Release Date: January 16, 2007
|3.||The Door Opens||3:35|
|6.||Durant is Dead||2:29|
|7.||Start the Countdown||3:46|
|9.||Into the Hole||4:52|
|Total Album Time:||31:20|
|by Brian McVickar
August 31, 2007
The 1970's provided an interesting, though sometimes questionable, wealth of variety for the immense talent of John Barry in terms of film projects, such as the strange, almost-no-Bruce Lee Bruce Lee film Game of Death, the weird, raunchy Night Games, the awful and awfully hilarious Starcrash, the lumbering, reviled King Kong remake and what are arguably the two most oddly underwhelming, atypical Bond films, The Man with the Golden Gun and Moonraker.
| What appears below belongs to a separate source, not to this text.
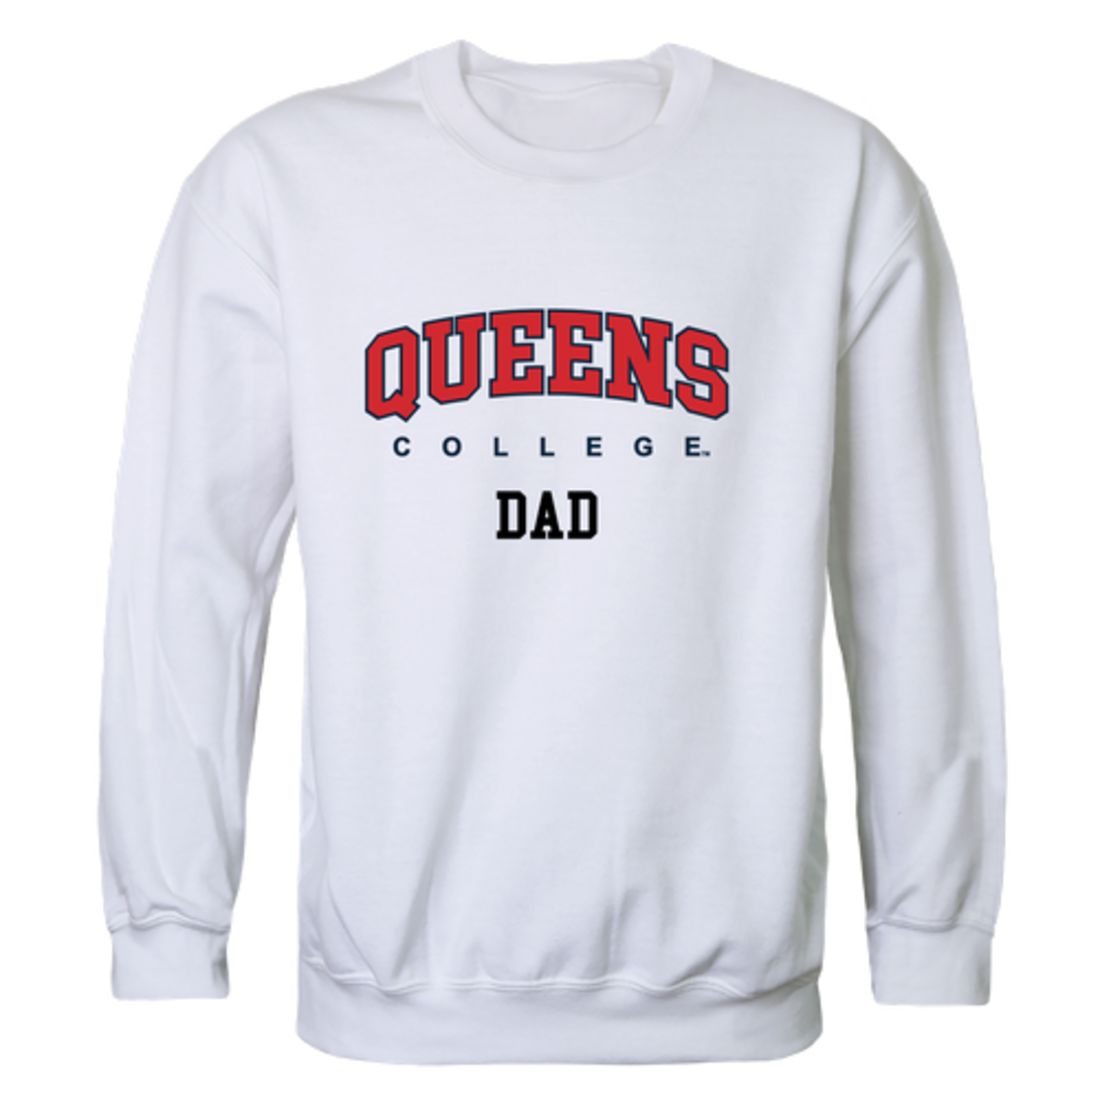 CUNY Queens College Knights Dad Fleece Crewneck Pullover Sweatshirt Heather Grey-Campus-Wardrobe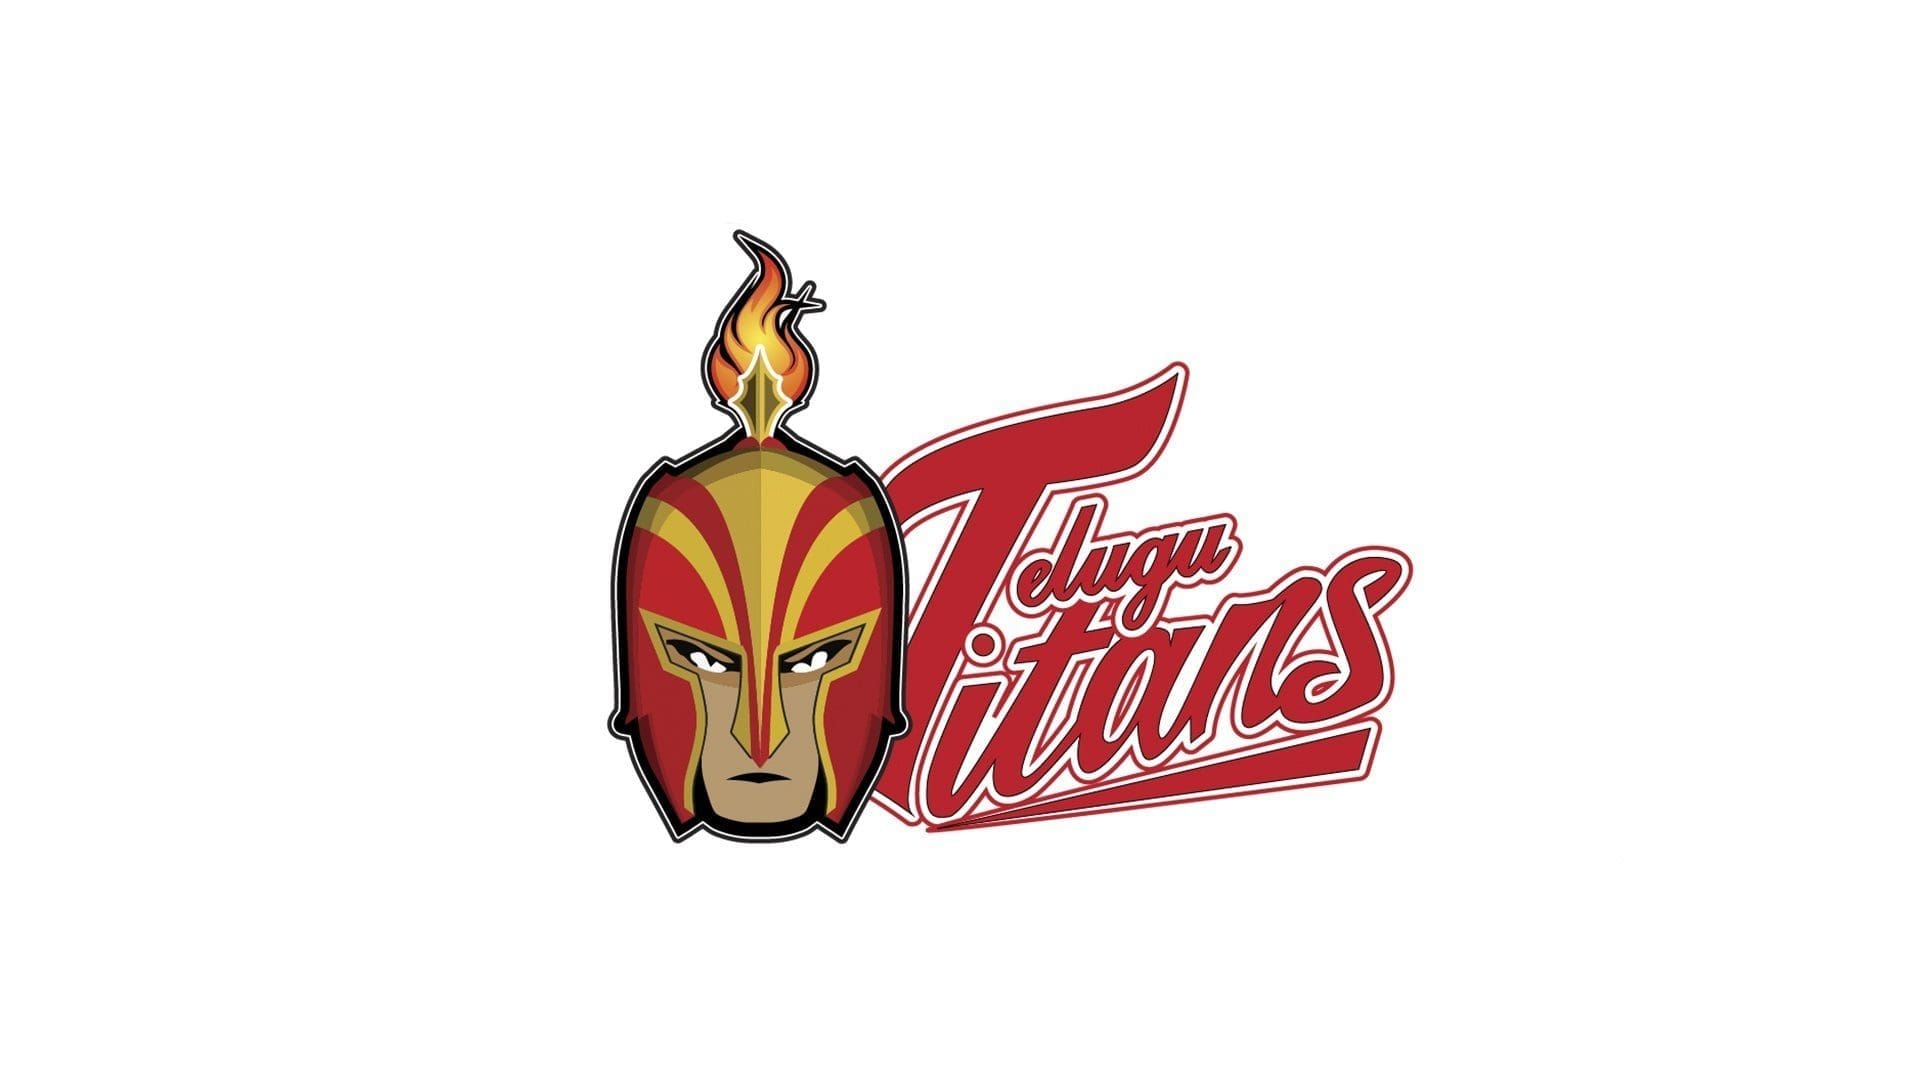 Telugu Titans Reworked Logo

After the 60's had provided Barry with so many career defining highlights, not the least of which were three Oscars and initially infusing James Bond with his inexhaustible musical mojo, the following decade seemingly approached Goldsmith levels in terms of the forgettable qualities of the films themselves. But as with Jerry, John Barry's scores always emerge untarnished by such misfires due to his unique, rich melodic gifts and this magic is on grand display in 1979's The Black Hole.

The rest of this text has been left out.